I purposefully did not paint the top and bottoms to prevent the paint from sticking them together. Of course, the bees will glue everything together with propolis, so they will be stuck together whether you help or not. Either way, you'll be using your hive tool to pry the supers apart.

When I took my beekeeping class, it was suggested that hives be painted with any type of latex/acrylic exterior grade paint. I do not recall any of the instructors mentioning that one paint finish type was superior to another. Most of the beekeepers I've talked to simply buy whatever light colored "oops" paint they can find at Home Depot since it is so cheap.


----------



## bamindy (Apr 14, 2009)

I am doing the same thing.
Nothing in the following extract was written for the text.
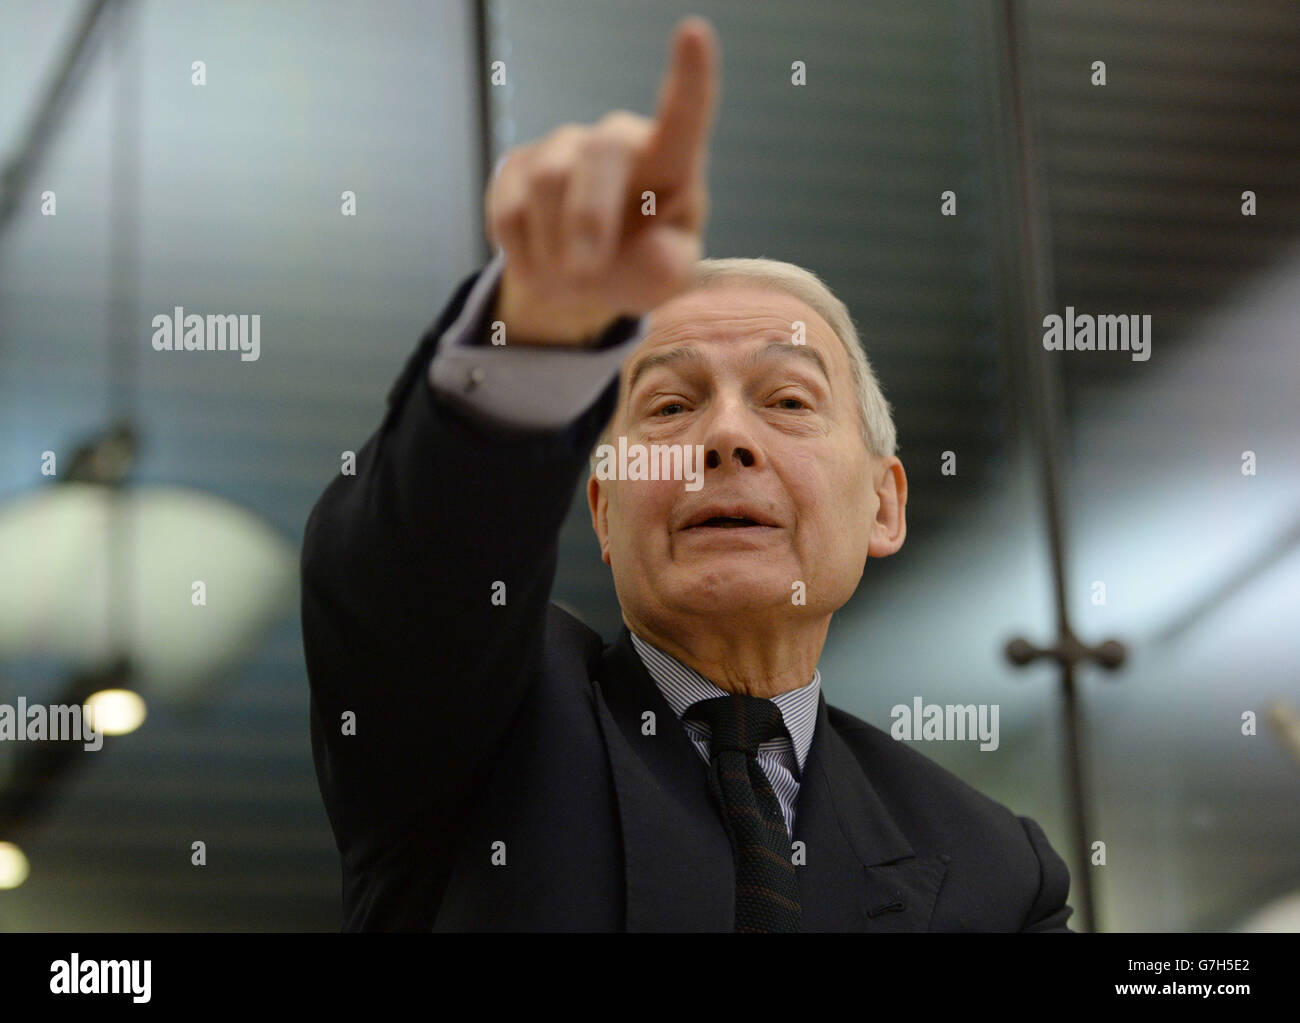 Labour MP Frank Field speaks at the All-Party Parliamentary Inquiry into Hunger in the UK in the House of Commons, London which launches a blueprint to eliminate hunger in Britain by 2020. Stock Photo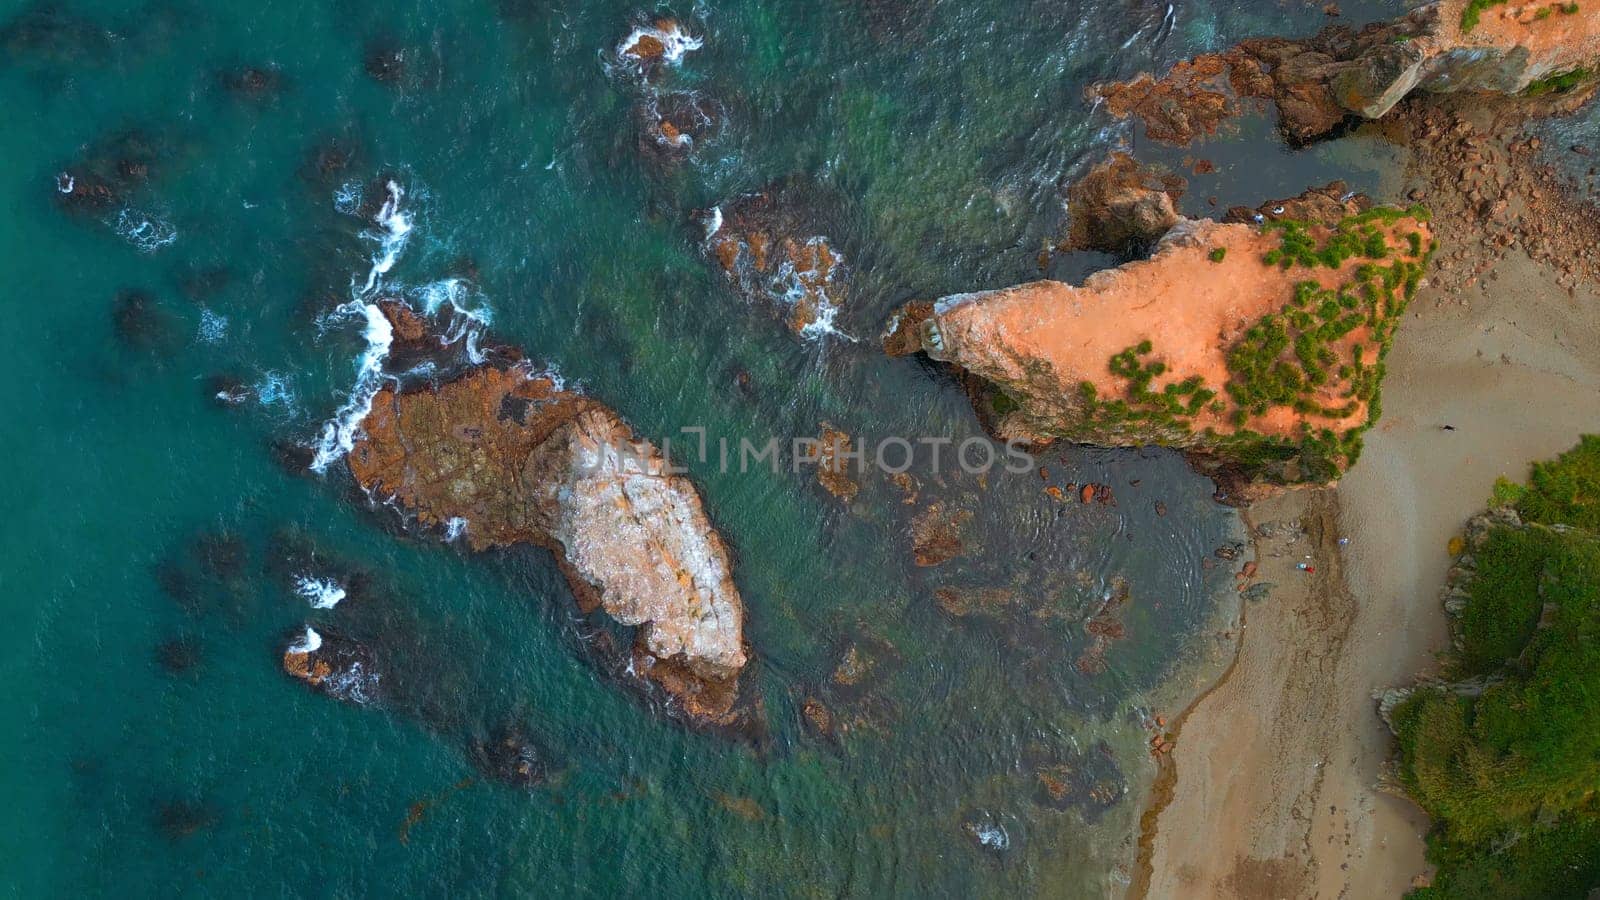 Top view of beautiful wild coast with rocks in water. Clip. Coastline with rocks and waves near shore. Inspiring nature of sea coast with variety of rocks.

I used to use a flat "barn" paint ($12/gal) and it tended to mildew after one season even after three coats. This year I went with Valspar semi-gloss ($28/gal) to try to extend the life of my gear. I always painted the top and bottom edges with the flat and did the same with the semi-gloss. The edges stuck with the semi-gloss so bad that the paint peeled away. I really like the look of the semi-gloss but may put a primer coat of the flat on and get the edges with that, then follow-up with a second coat of the semi-gloss and just get the sides. I had a three deep hive to move the other night and had switched the older boxes out with the newly painted ones a few weeks prior to the move. That wasn't very much fun trying to pry those boxes apart. Talk about some ticked off bees. I would much rather have natural looking hives without paint but am reluctant to use something like Thompson's. Interested to see some others comment on this thread.


----------



## AmericasBeekeeper (Jan 24, 2010)

propolis is much better than paint on the upper and lower edges.
semi-gloss is better than flat, and gloss is best as far as lasting outside
I am glad you did not go with stain. I just read the directions that came with the Hardie-board, because I cannot afford to waste all that money. Stain is not suggested or approved as a final coat because it does not slow moisture getting in and destroying the material.


----------



## scrapiron (Aug 18, 2011)

Boiled Linseed Oil. All natural product for an all natural look. All my painted hives are stored out in the barn now, I am hooked on the natural look.


----------



## FlowerPlanter (Aug 3, 2011)

Boiled Linseed Oil--how long will it last, how often do you reapply, what is the cost?


----------



## Tom Fran (May 18, 2010)

Have any of you found a cheap airless spray gun that can speed up the painting of multiple boxes, or do you prefer to brush it on to get better coverage?

I guess the better question would be, do you prefer to brush or spray your boxes?


----------



## psfred (Jul 16, 2011)

Linseed oil coatings will need to be re-applied when they quit sheding water, which typically is every couple years.

Follow the guidelines for exterior paints, to whit: At least one coat of a good, exterior grade primer, followed by two coats of exterior grade paint. These can be alkyd or latex, although I've found over the last 40 years or so alkyd primers to be much better. They are available in fast dry form, which makes things easier.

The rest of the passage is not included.